Material provided ▸

BEGIN

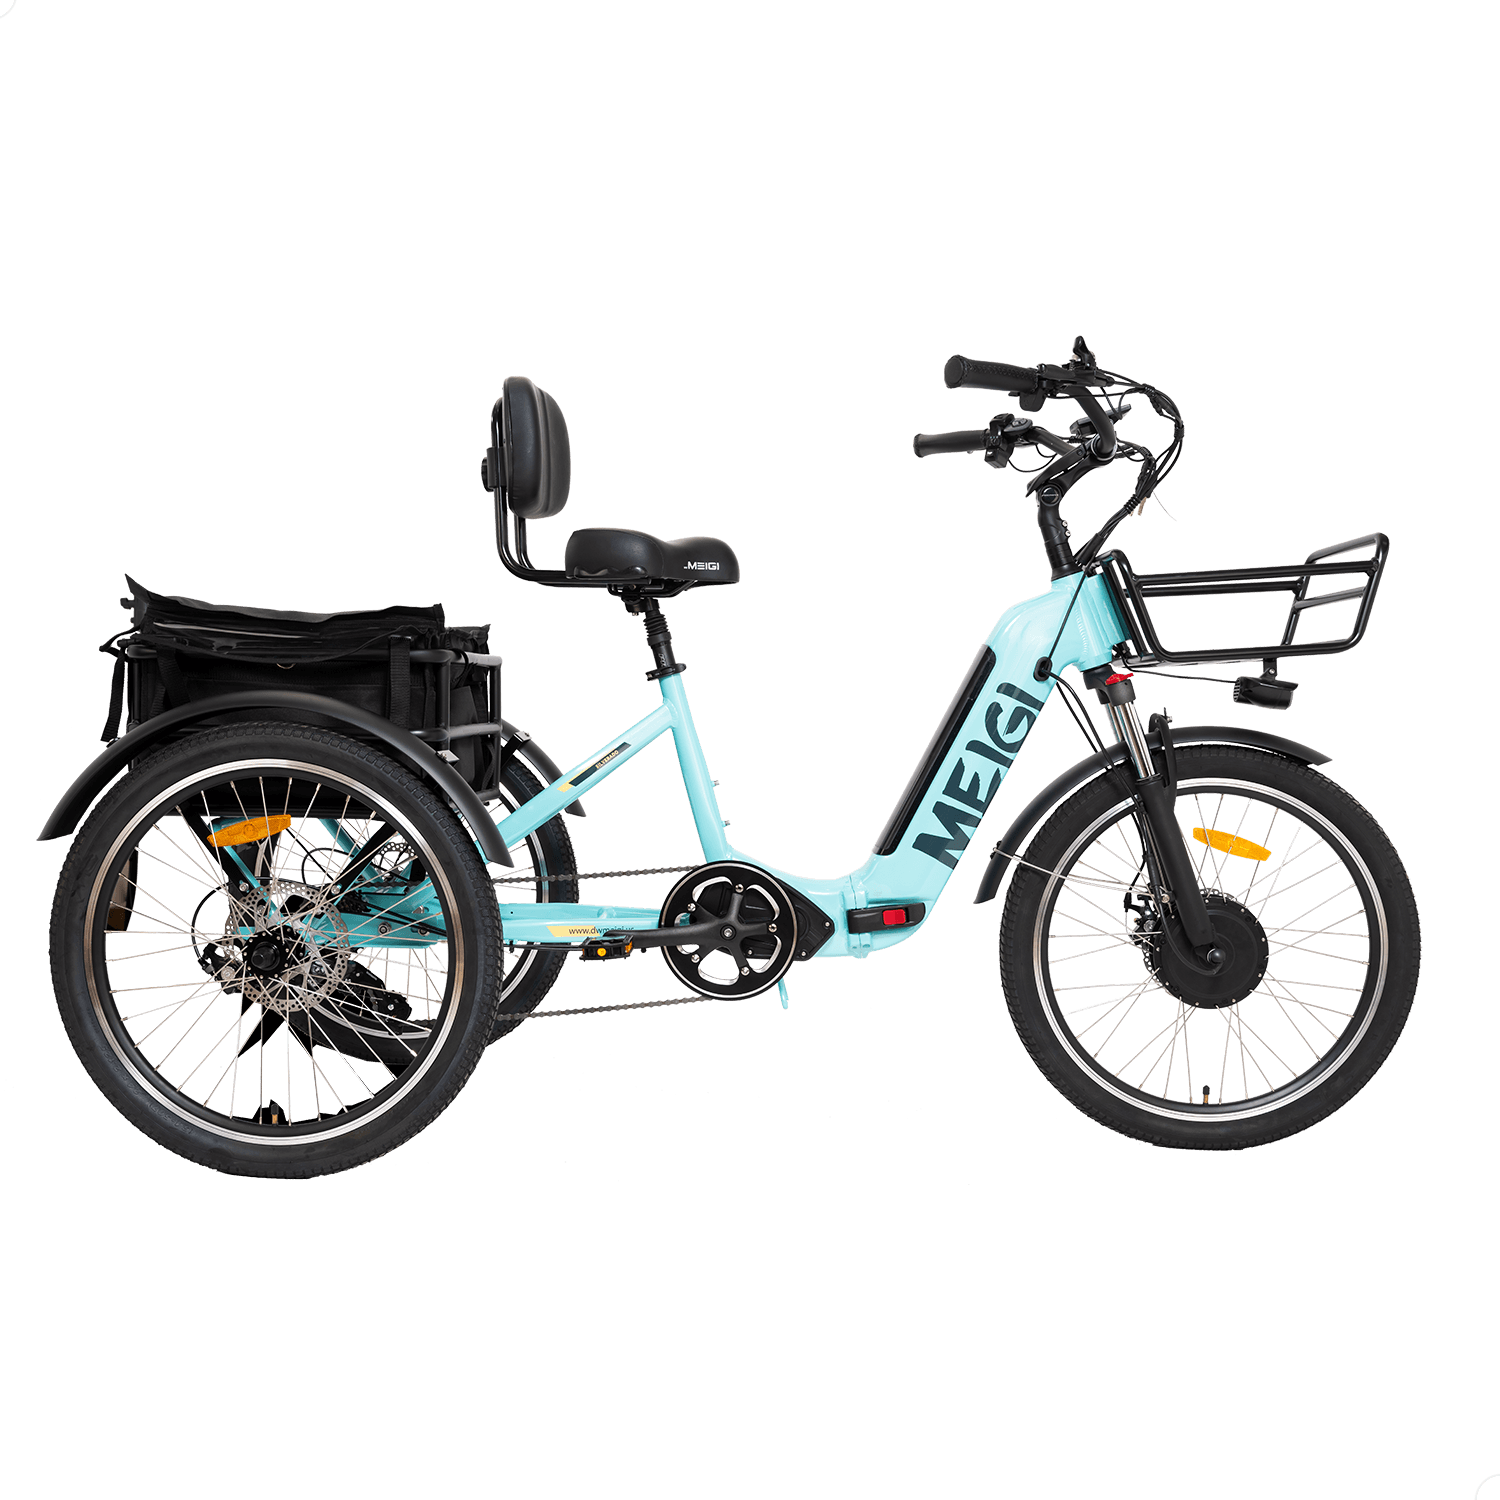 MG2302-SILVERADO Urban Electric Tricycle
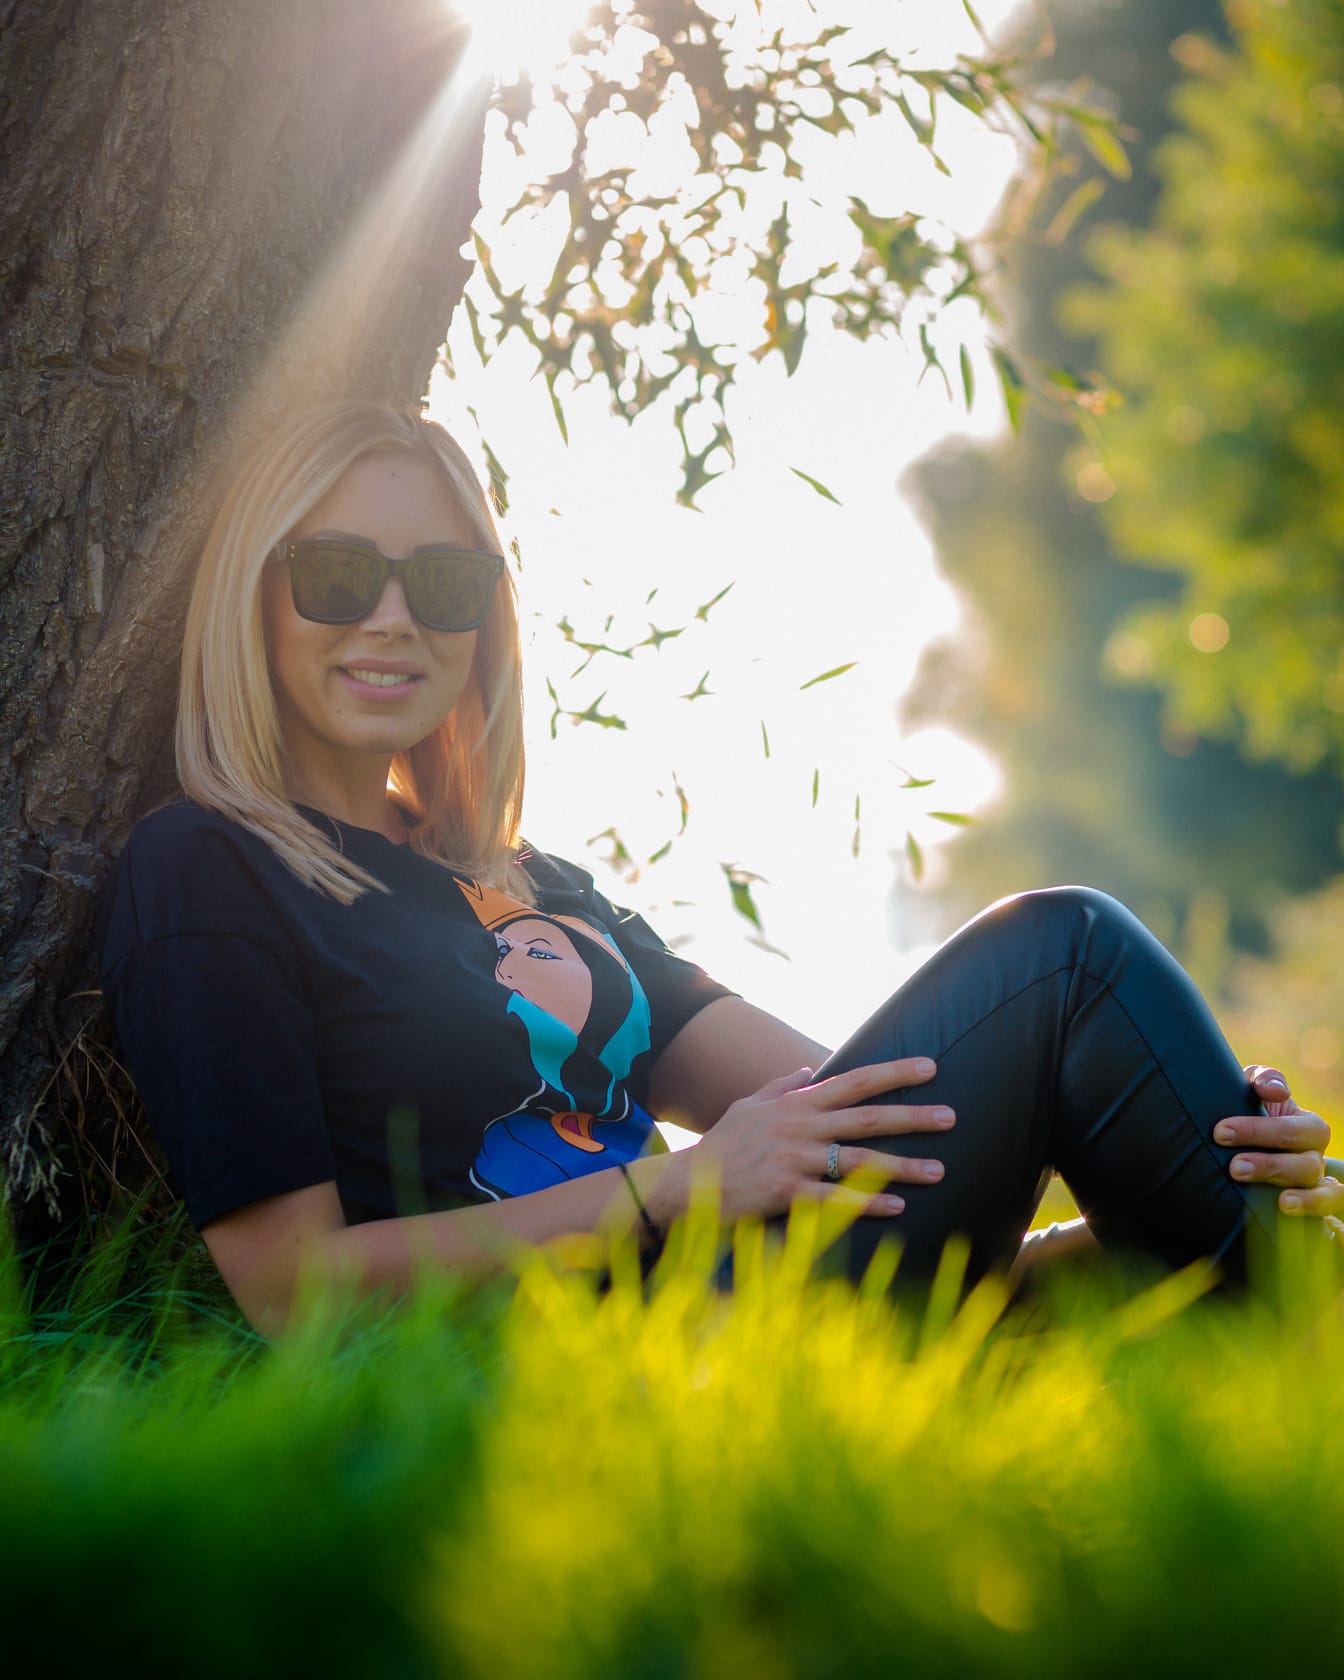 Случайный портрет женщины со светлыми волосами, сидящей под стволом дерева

END
BEGIN

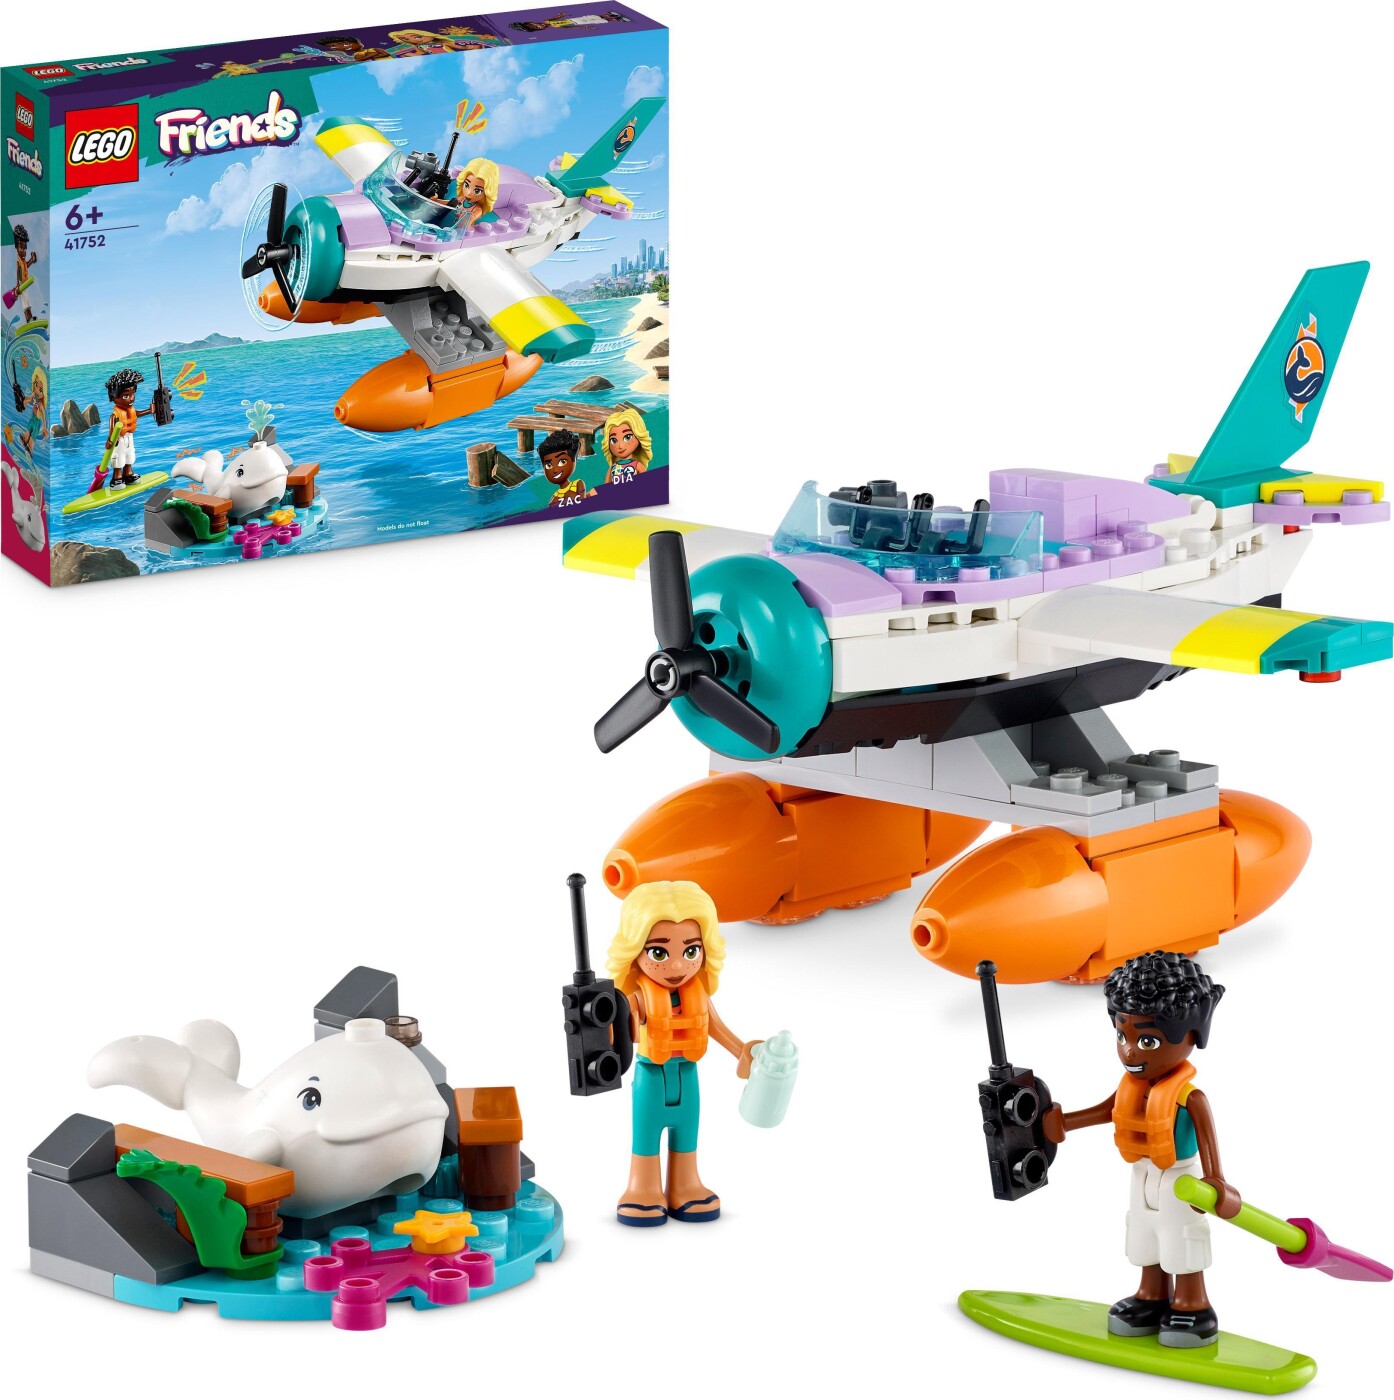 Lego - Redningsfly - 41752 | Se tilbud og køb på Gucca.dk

END
BEGIN

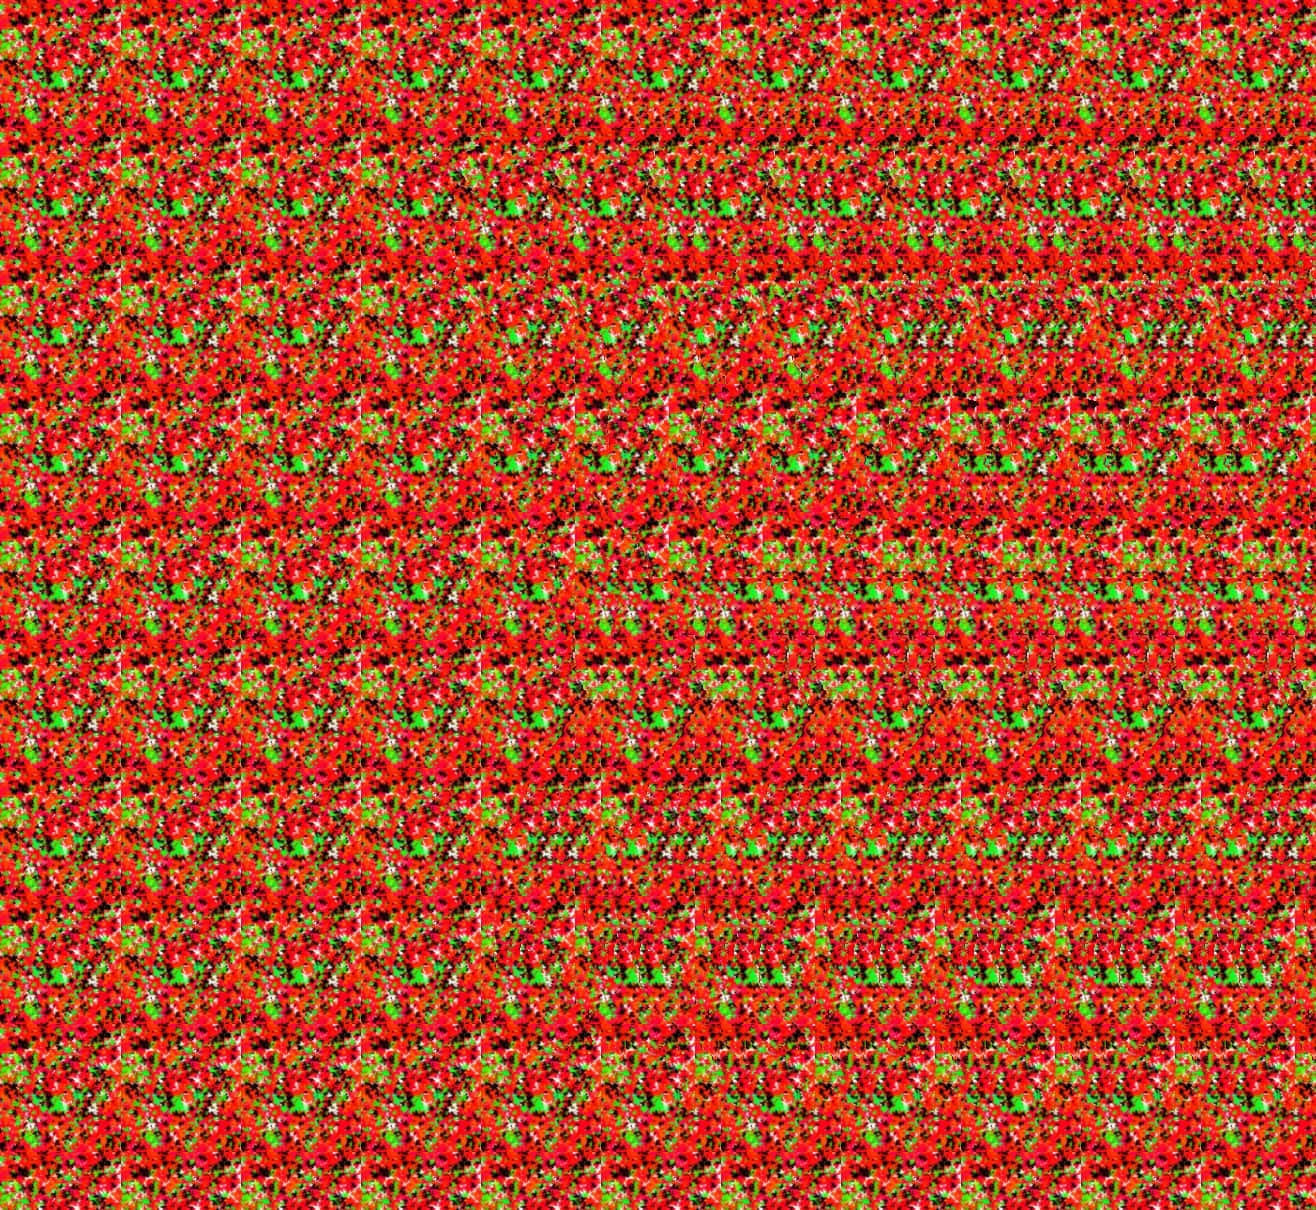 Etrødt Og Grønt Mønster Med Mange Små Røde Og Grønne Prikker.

END

Work request ▸ Reproduce the records above exactly, but only from the line with "MG2302-SILVERADO Urban Electric Tricycle" up to and including the line with "Случайный портрет женщины". Leave the pictures out.

Finished exercise ▸
 MG2302-SILVERADO Urban Electric Tricycle
 Случайный портрет женщины со светлыми волосами, сидящей под стволом дерева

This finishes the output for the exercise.